Una dama observadora

Recuerdo con cariño, esos distantes tiempos donde yo corría enérgicamente, en los que podía sentir el dulce viento golpear mi rostro, mientras jugaba con las mariposas, en aquella plaza tan grande, llena de árboles, de otros perros con los que jugábamos durante horas hasta que nuestros cuerpos, ya agotados, nos pedían descansar. A veces sentía que mi corazón, intercambiaba lugares, con la pelotita de tenis que me lanzaban cada vez que las personas me llamaban “Hermoso perrito”, o “pero qué negrito precioso”, el tono de voz tan dulce que usaban, junto a las caricias que me daban, provocaban que mi cola se agitara trepidante, indicándoles a esa gente lo feliz que me ponían sus atenciones y lo deseoso que estaba por más.

Actualmente, mi hogar es Margarita, un lugar al que la gente llama “perfumería”. Allí, las personas me han estado alimentando muy amablemente, me han provisto una casa y mucho amor durante estos últimos años, mimos que agradezco con mi ya ensombrecida mirada y un débil movimiento de cola.

Frente a Margarita, hay un gran establecimiento del que personas entran y salen constantemente, algunas con bolsas grandes y otras más pequeñas, otras huelen muy rico y algunas me hacen picar la nariz, como ese líquido que echan en el suelo cuando limpian la perfumería. Creo que ese lugar se llama “El Kilbel”, o eso es lo que dice la gente cuando salen de ahí hablando con ese aparato en la oreja: “Ya salí del Kilbel”, qué raras costumbres tienen.

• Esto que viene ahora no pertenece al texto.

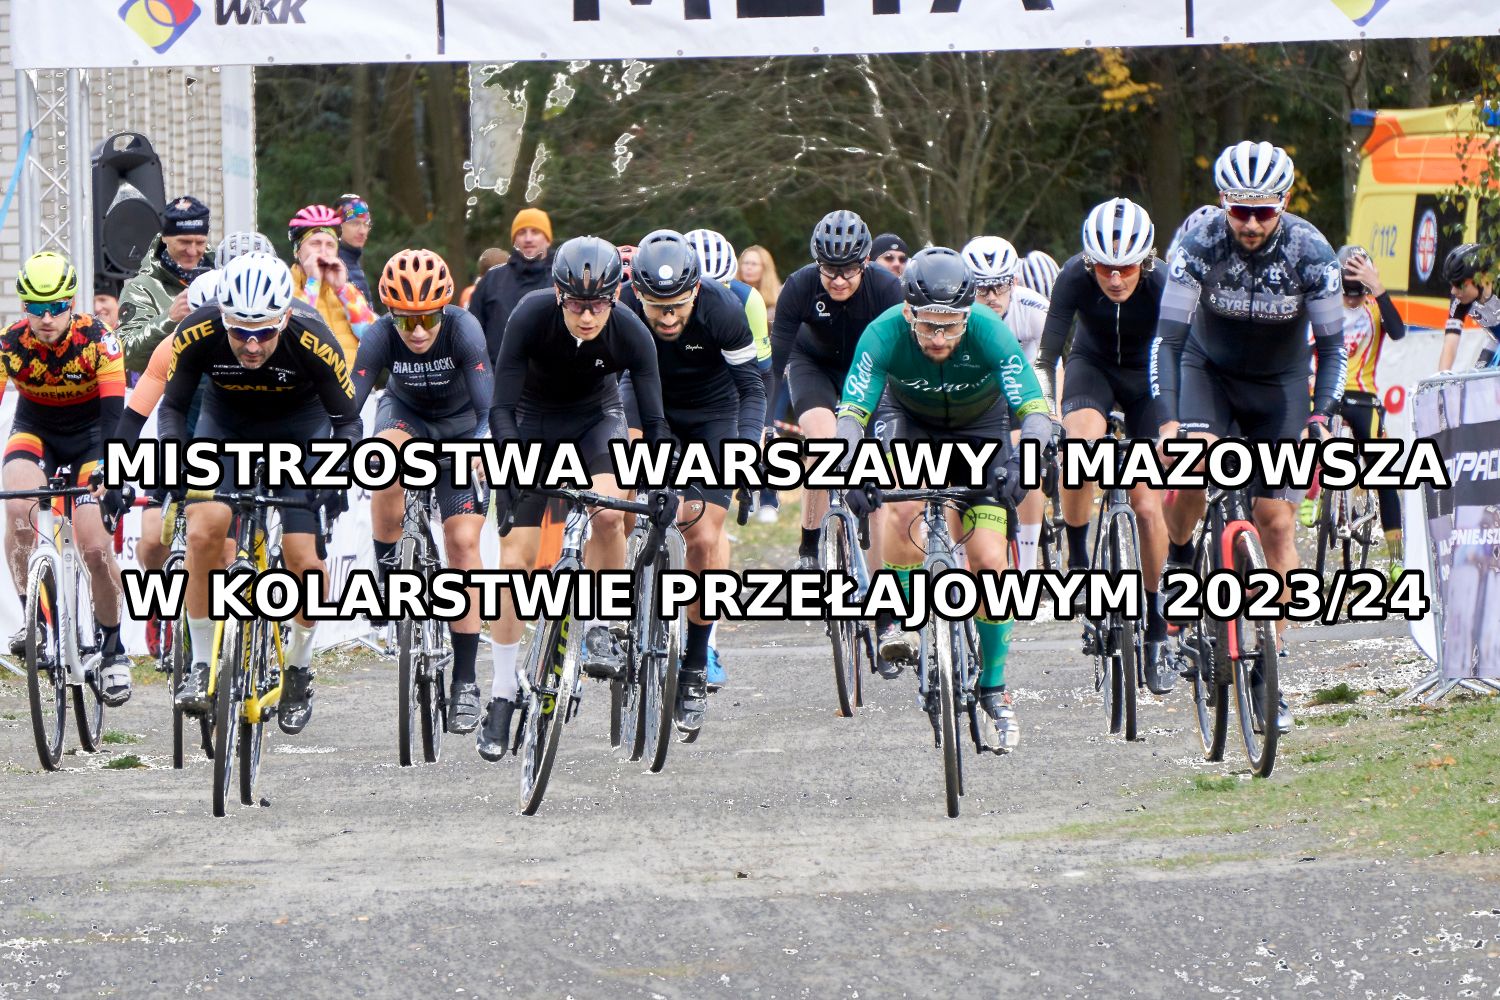 Mistrzostwa Warszawy i Mazowsza w kolarstwie przełajowym, Poligon WAT | RELACJA | KOMENTARZE POSTARTOWE | WYNIKI

Mi reflejo, en esa gran vidriera, indica que mi cuerpo ya no es el mismo, pues el blanco que sólo predominaba en mis patas parece estarse apoderando de ellas, de mi rostro también, mi pelaje ya no es negro brillante, sino gris opaco. Mis orejas están caídas, mis párpados también, hacen que ahora tenga una mirada triste, cansada. Mis patas me

duelen, tiemblan indicando que quieren un descanso, cada vez me cuesta más cruzar la avenida, mi cuerpo se agota con facilidad.

Pero es en ese momento, luego de respirar con resignación, al ver mi cuerpo avejentado, que lo sentí. Cerré los ojos un instante, esa sensación de calor en mi cabeza, la alegría, mi cola moviéndose con lentitud. Una caricia, de esas que me ponían realmente feliz en mis más joviales épocas, las mismas que me recordaban lo bonito que era vivir a pesar de sentir dolor.